Here, a video interface with integrated lossless compression transmits real-time, low-latency video from the camera over extended-reach Ethernet cabling to a central office. Power, control signals, and data are all transmitted over a single, thinner, lighter, and more flexible cable. With GigE Vision, multiple cameras are networked to a single host PC for processing and display and new cameras are easily added to the network. Video can also be multicast to processing, displays, and storage systems.

The lossless compression algorithm transmits up to 2 Gbps of video over 1 Gbps Ethernet, reducing infrastructure and system costs while lowering power consumption. This nearly doubles the effective bandwidth and allows additional sensors without overloading the network.

Compression nearly doubles the effective bandwidth of the existing infrastructure, enabling the system expansion with additional sensors without overloading the network.

Cost and Patient Advantages in X-ray Imaging

Mathematically lossless compression in X-ray applications reduces image size without impacting quality. This means more images can be taken in a shorter time, resulting in shorter exam times and faster diagnoses for patients.

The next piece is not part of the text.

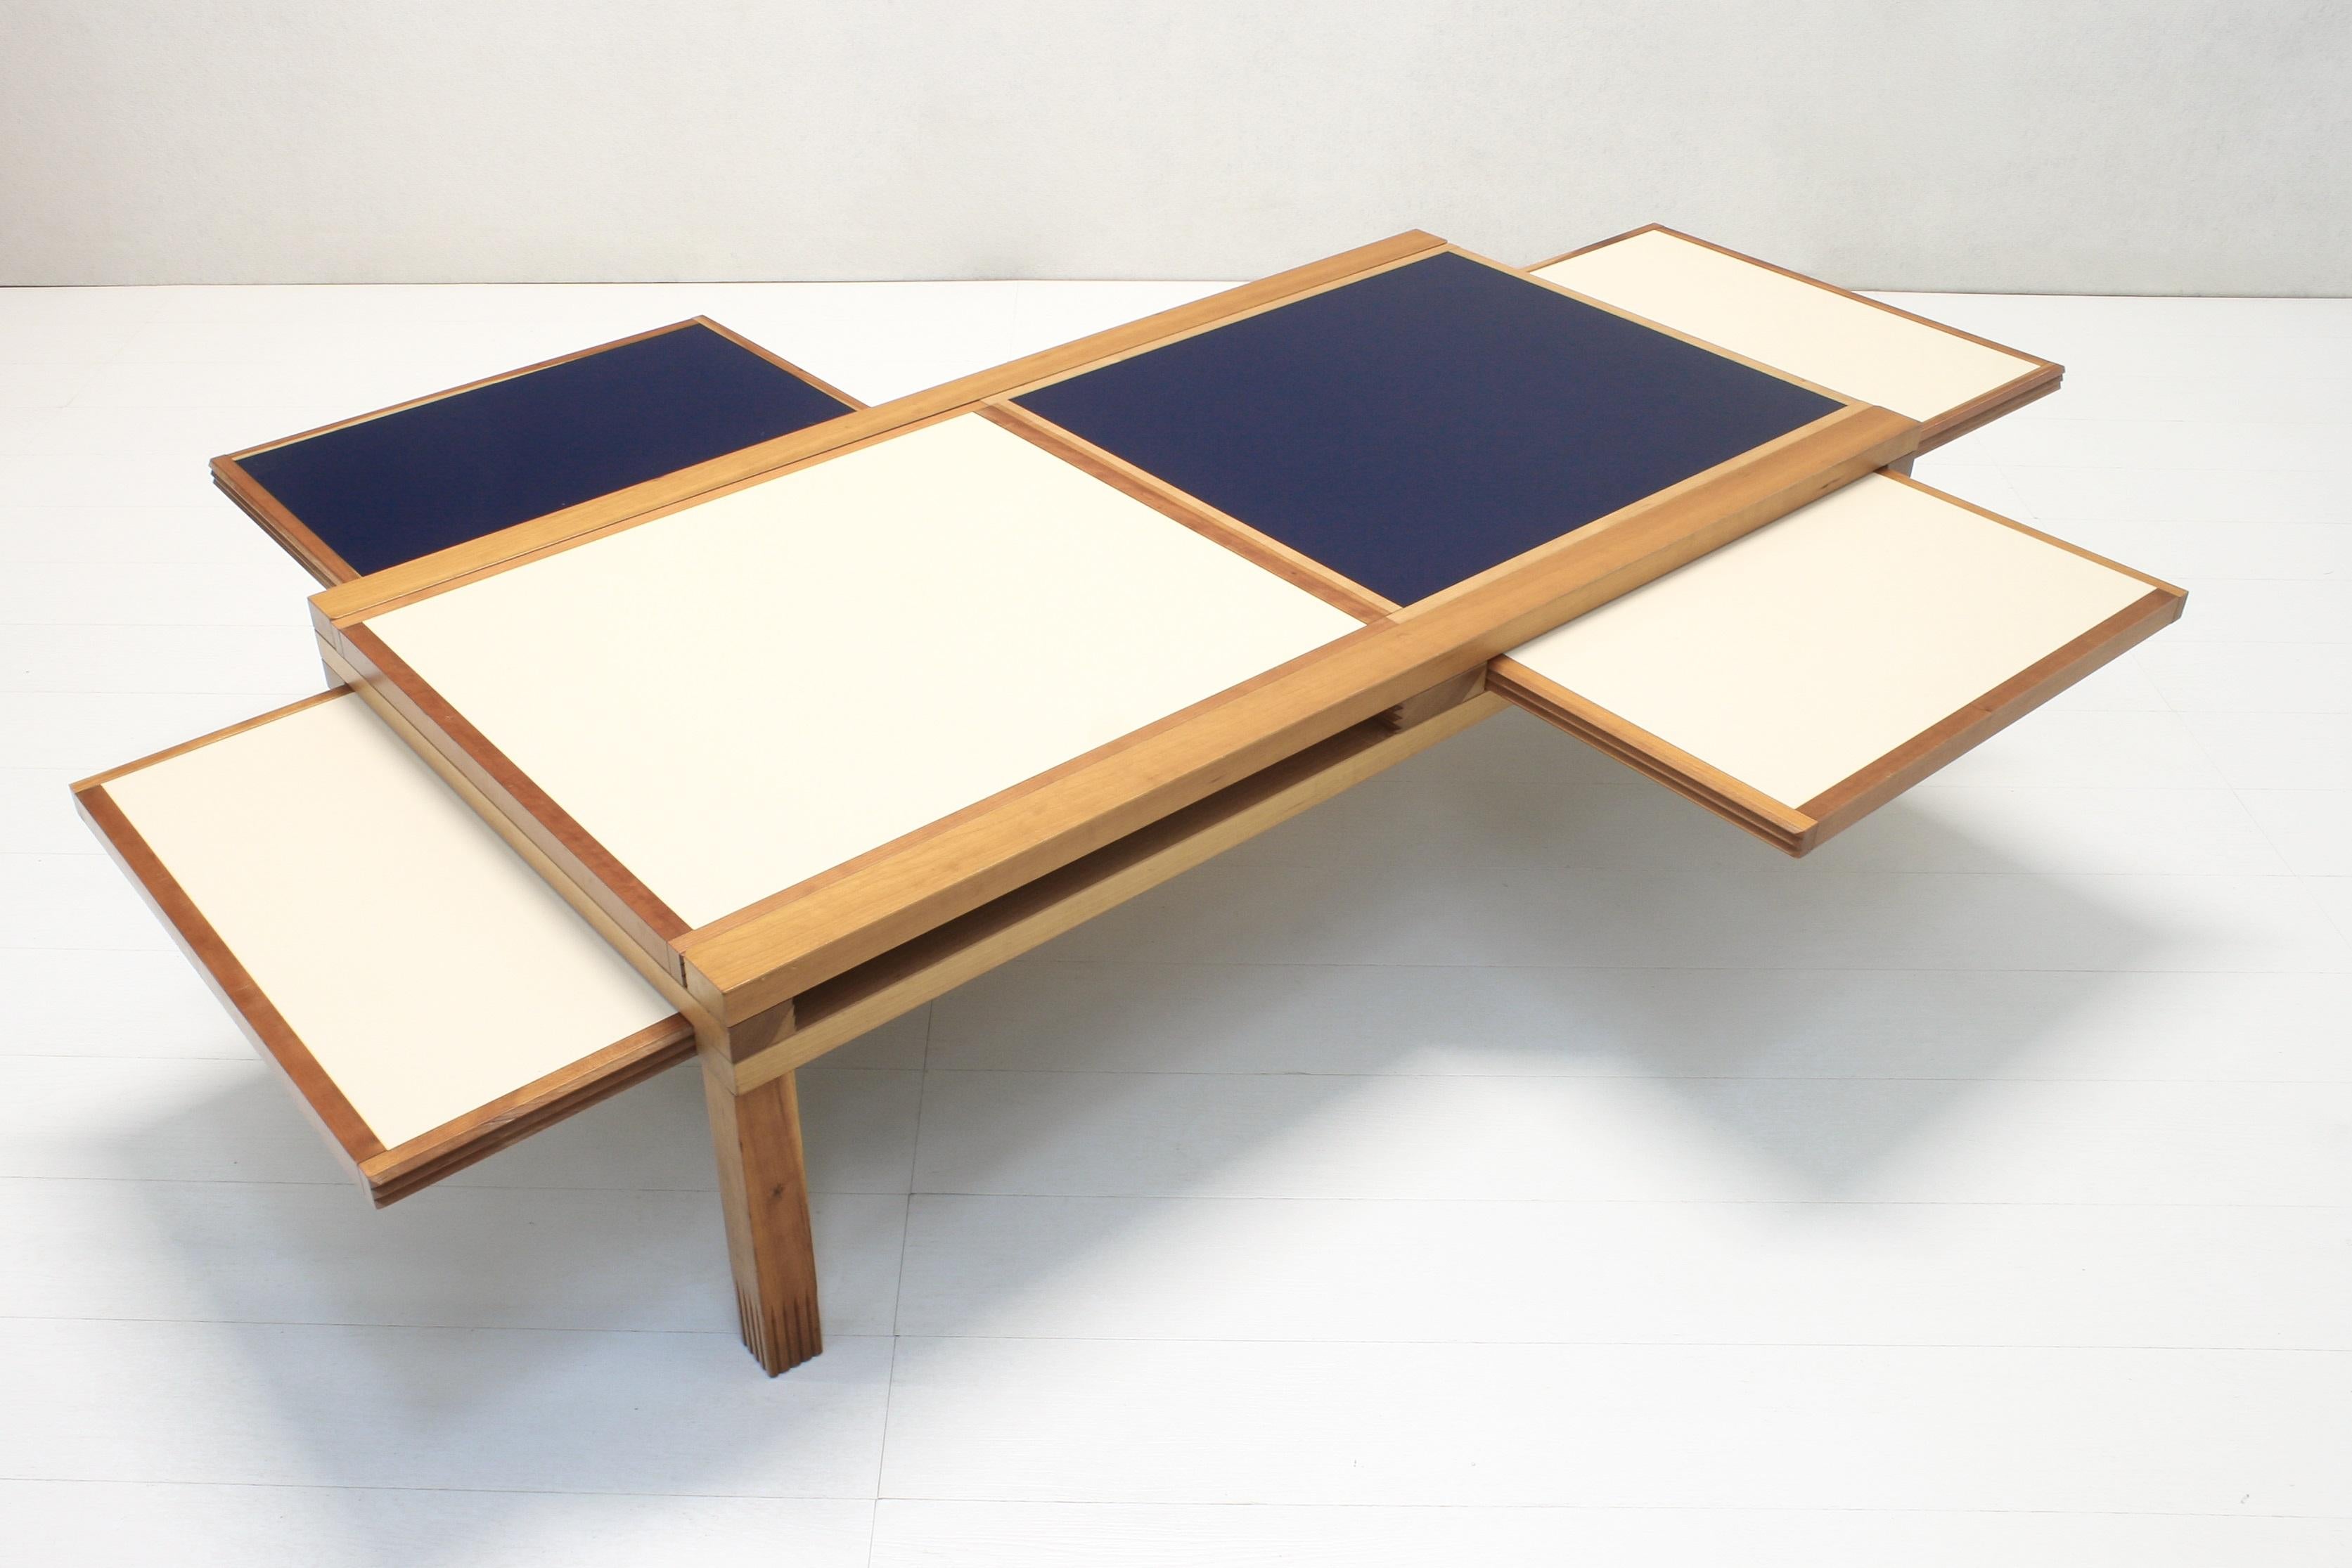 Cette construction modulaire de table basse a été conçue par Bernard Vuarnesson et vous permet de créer votre propre composition à l'aide des six plateaux interchangeables, tous dotés d'une surface bicolore, blanc cassé et bleu profond.

Real-time fluoroscopy relies on continuous X-rays for applications including cardiology, radiography and neurovascular imaging. The bandwidth demands of transmitting real-time video from the flat panel detector to processing makes it a good candidate for compression techniques.

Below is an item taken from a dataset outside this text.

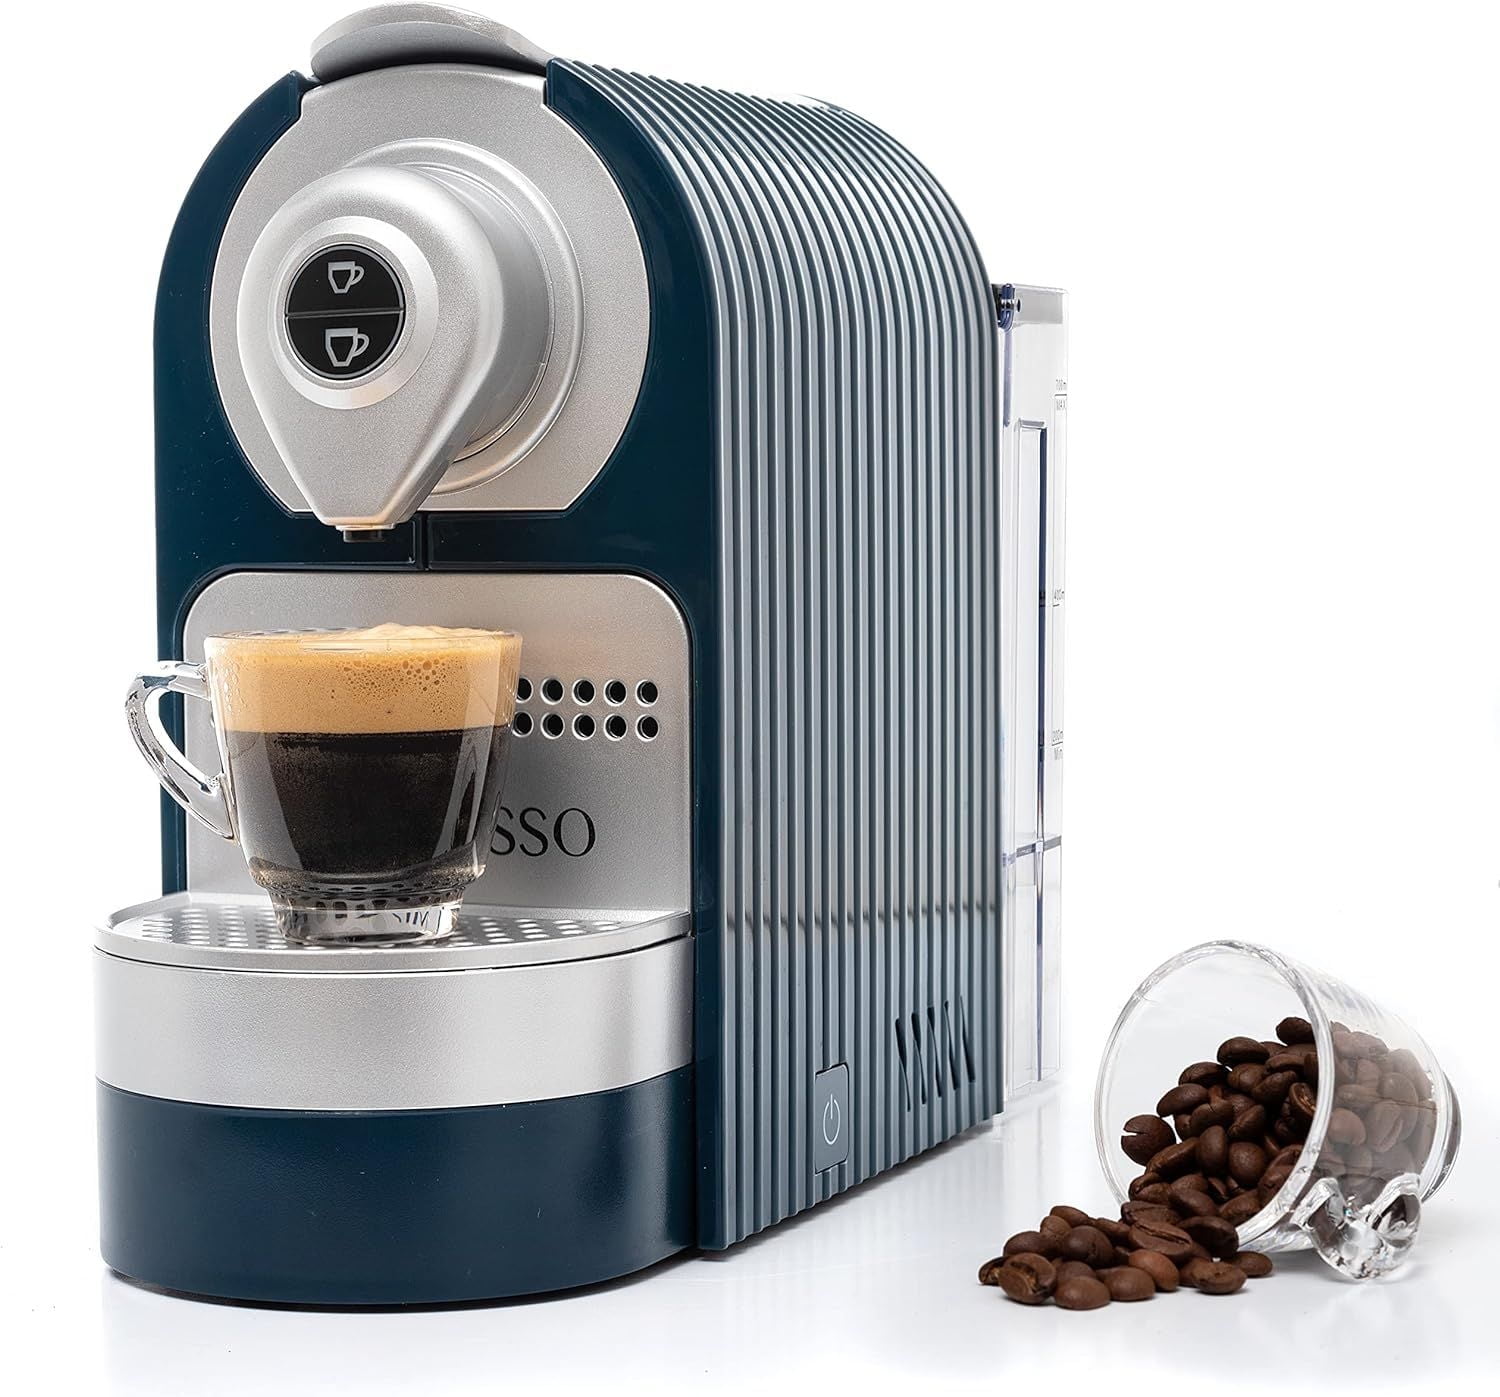 Mixpresso Máquina de café expreso para cápsulas compatibles con Nespresso,  cafetera de una sola porción programable para cápsulas de espresso, bomba

Similarly, dental imaging is adopting compression techniques as it evolves from still X-ray to more complex 3D applications. Panoramic radiography, or panoramic X-ray, uses small doses of ionizing radiation to capture the entire mouth in a single image, including teeth, jaw structure, and surrounding tissues. Unlike intraoral X-ray where the film is placed inside the mouth, a panoramic X-ray machine consists of an X-ray tube mounted on one side and an FPD on the opposite side. During the examination, the X-ray tube rotates in a semicircle and projects a beam through the patient onto the FPD.

The FPD integrates embedded hardware supporting 1 Gbps image transmission – along with metadata, power, and control data – to processing over low-cost Gigabit Ethernet. As imaging performance demands increase, maintaining the cost of the network infrastructure plays a key role in total system cost advantages for solution providers.

To boost the capabilities of the existing Ethernet infrastructure, the mathematically lossless compression hardware acceleration approach transmits up to 1.5 Gbps throughput rates over existing 1 Gbps infrastructure. The compression technique ensures original and post-compression data are identical while supporting ultra-low latency performance for real-time dental imaging.

Emerging Trends and Compression

There are several emerging application areas that will benefit from efficient compression techniques focused on preserving quality for end-processing. Multi-sensor applications that fuse imaging and data streams require efficient compression to maintain performance over limited infrastructure. The growing deployment of 3D across a range of end-applications, from logistics to robotics and inspection, will also increase bandwidth demands for infrastructure.

Designers have several choices in their approach to compression, and the right choice considers the processing requirements of the application and the cost and performance expectations for end-users.